On June 14, 1877, while on their way home to New York City, Joseph Seligman and his family were delayed by a boat accident and rerouted to the Grand Union Hotel in Saratoga Springs, New York. Saratoga was America’s top resort town, and the Seligmans had summered at the Grand Union for the better part of a decade. This time, however, and seemingly all of a sudden, the Seligman family was not welcomed. This unexpected rejection and the commotion it caused, now infamous as the Seligman Affair, compelled Jews of the time to reckon with how Protestant America viewed and even ranked them.

The Grand Union Hotel, Saratoga Springs, New York. Credit: Library of Congress

Revisiting it today, some 150 years later, the Seligman Affair also throws light on the social and cultural differences that fractured the American Jewish community of the time: ethnic origins, religious practices, and economic success all played a role in Seligman’s fateful trip to Saratoga Springs. The same forces divide America’s present-day Jewish community. The Seligman Affair, then, accords us the chance to revisit internal divisions that tend to splinter American Jews: the ethnic, religious, racial, economic, and political lines we draw and the social rankings we construct around them. The prejudices directed at Joseph Seligman are a reminder that a group’s internal social order can be at odds with how others outside the group view and rank its members. That lack of perspective amounts to a dissonance of differences, a misalignment in how we separate ourselves and pour meaning into these oft-artificial smaller subgroups. In the aftermath of the Seligman Affair, Jews took stock of their differences and, to some measure, chose to focus on the forces that united them rather than the factors that kept them apart. Our moment presents a similar opportunity not only to question and reduce our internal divisions but to insist that outsiders must do the same, as well. 

The Seligman Affair 

Joseph Seligman was one of the better-known Jews in the United States in his day.
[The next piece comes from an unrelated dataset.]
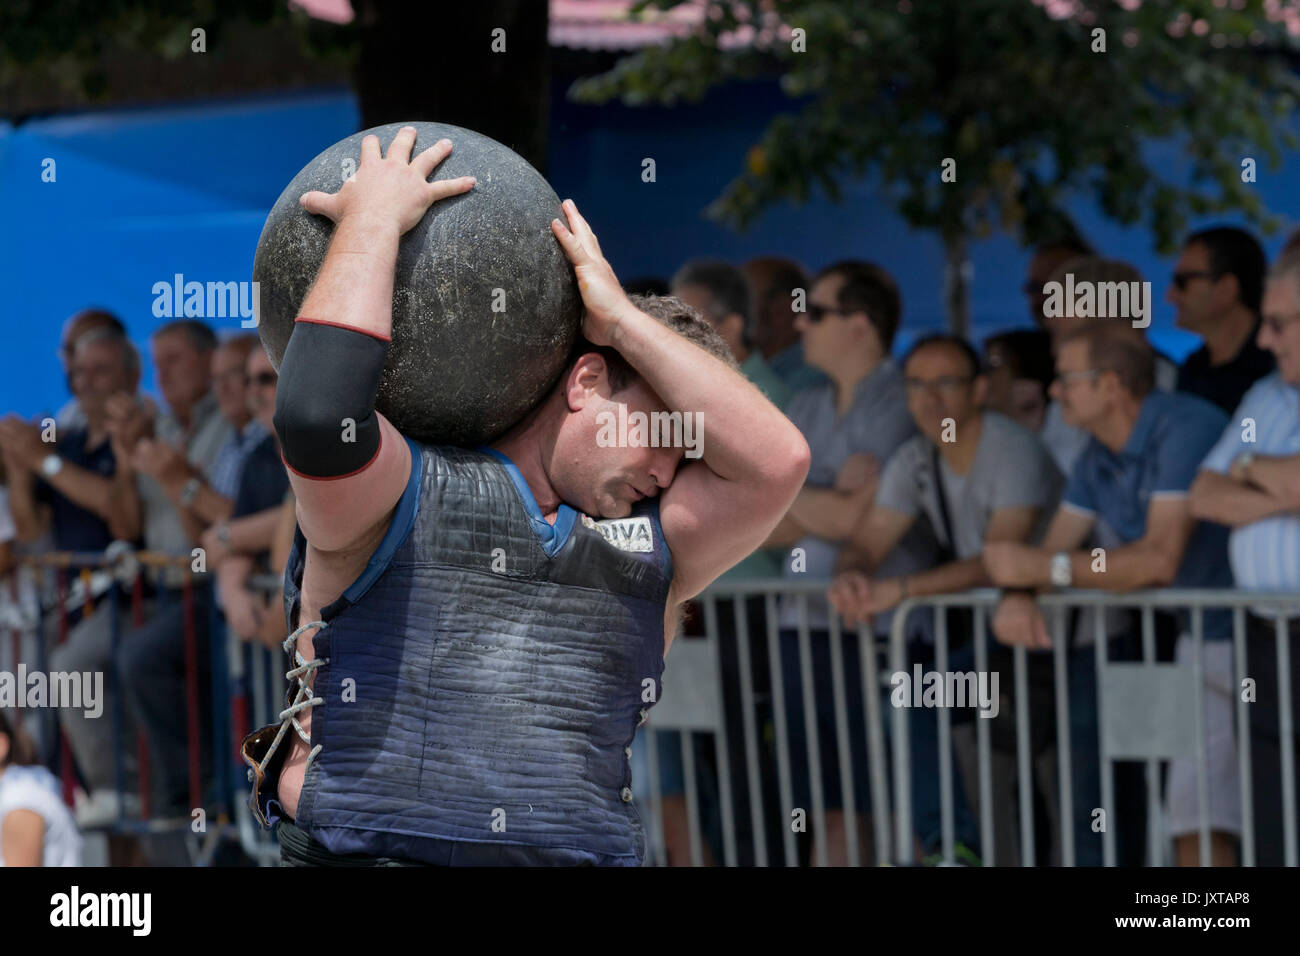 Huge round stone on the shoulders of a basque stone lifter (harrijasotzaile) in a competition. Stock Photo

Bavarian-born, Seligman had migrated to Pennsylvania in the late 1830s. He started peddling, later opened a dry goods store, then a clothing store, and finally rose to prominence on Wall Street as a banker. From this post, he advised the administrations of Presidents Abraham Lincoln, Ulysses S. Grant, and Rutherford B. Hayes. He even turned down an offer to join Grant’s cabinet. Seligman, in short, was a premier case of the rags-to-riches story, something straight out of a Horatio Alger tale. Seligman, in fact, hired none other than Alger to tutor his children. Given both his prominence and his previous relationship with the Grand Union, he was altogether blindsided by the icy reception he received at the hotel that night in June 1877.

Seligman’s rejection from the Grand Union Hotel was significant enough to merit attention on the front page of the New York Times. According to the article that appeared there, when Seligman approached the hotel manager to arrange accommodations, the manager responded that: “Mr. Hilton has given instructions that no Israelites shall be permitted in the future to stop at this hotel.” Judge Henry Hilton had assumed responsibilities for the Grand Union upon the death of his client, A.T. Stewart, in 1876. Seligman had some years earlier opposed and slighted Hilton on political and social fronts—but personal or not, Hilton’s decision betokened rising anti-Jewish sentiment in the United States.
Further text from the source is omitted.